# User CP photo problem for 'menumaker'



## menumaker (Sep 25, 2012)

Hi,
Can you advise me why my photo is fine in my user CP but I cannot get it to upload so that it accompanies my name 'Menumaker' when I'm replying to threads. I just get the message 'file failed to upload'. I've checked the size which seems to be correct. What am I doing wrong please


----------



## menumaker (Sep 25, 2012)

Ok, I think I've sorted it,
Thanks


----------



## KatyCooks (Jul 23, 2013)

I am having this problem with loading a picture too.    Can anyone help me out please?


----------



## Andy M. (Jul 23, 2013)

Chances are the picture size is wrong.  As you begin the process, the max. picture size is given.  If your file is bigger it won't load.


----------



## KatyCooks (Jul 23, 2013)

Hi Andy.

I had my "techy" friend re-size the picture for me (I gave him the dimensions/pixel size) and he says it is definitely the right size.


----------



## Andy M. (Jul 23, 2013)

I can't offer any more suggestions.  Is there a specific message that tells why the failure?


----------



## KatyCooks (Jul 23, 2013)

I get the same message that "menumaker" got -  "file failed to load" with no explanation as to what the problem is.    

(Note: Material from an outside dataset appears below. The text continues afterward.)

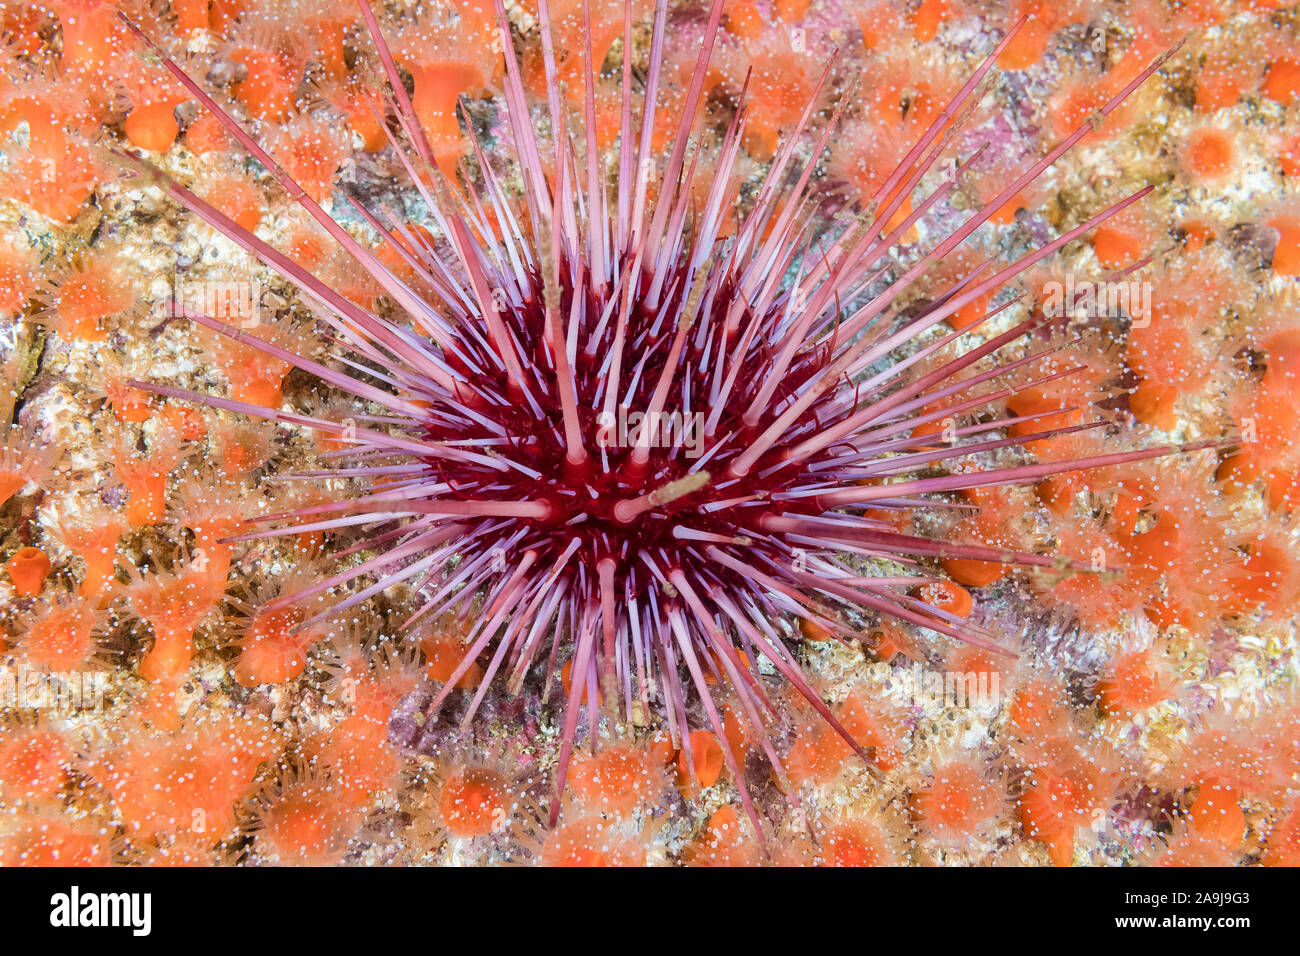 Red Sea Urchin, Mesocentrotus franciscanus, fraise, anmone Corynactis californica, Barkley Sound, l'île de Vancouver, Colombie-Britannique, Canada, Paci Banque D'Images
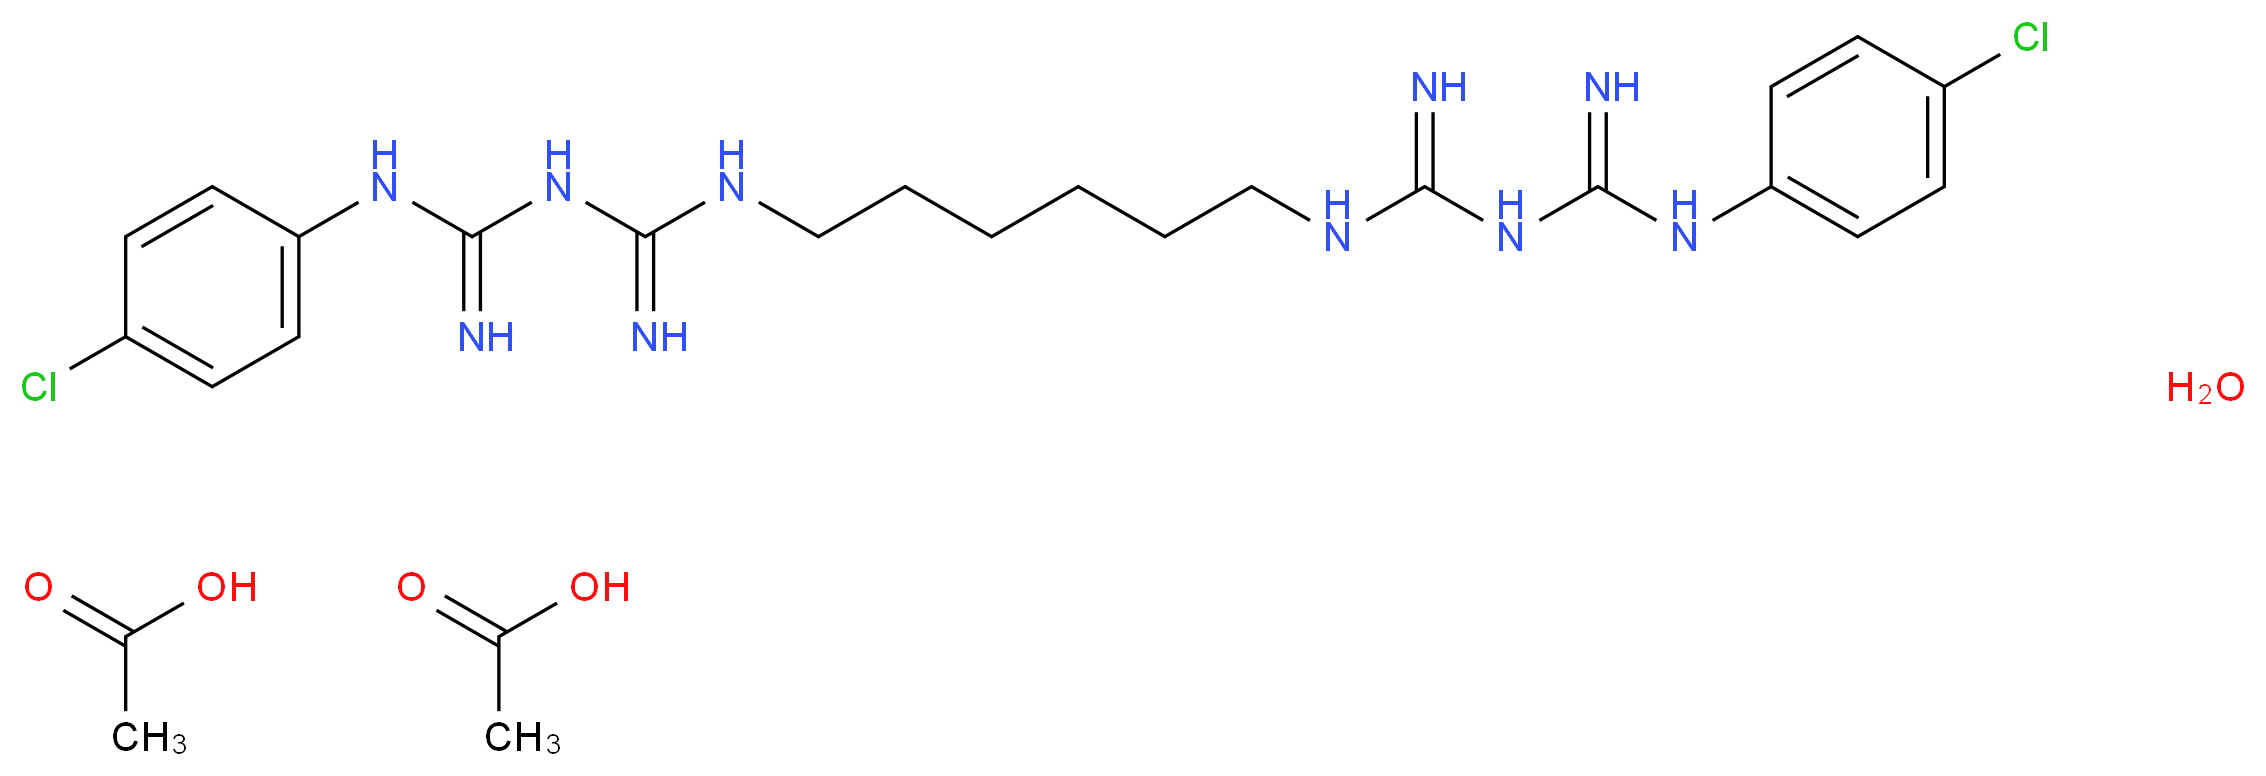 56-95-1 molecular structure

Oh well.  Not the end of the world I guess!


----------



## Andy M. (Jul 23, 2013)

KatyCooks said:


> I get the same message that "menumaker" got -  "file failed to load" with no explanation as to what the problem is.
> 
> Oh well.  Not the end of the world I guess!



Hang in there.  Someone who can actually help will be along soon.


----------



## KatyCooks (Jul 23, 2013)

Andy M. said:


> Hang in there. Someone who can actually help will be along soon.


 

Will do!  Thanks Andy!


----------



## FrankZ (Jul 23, 2013)

If you continue to have issues you should contact the help desk.

Use the contact us link at the bottom.


----------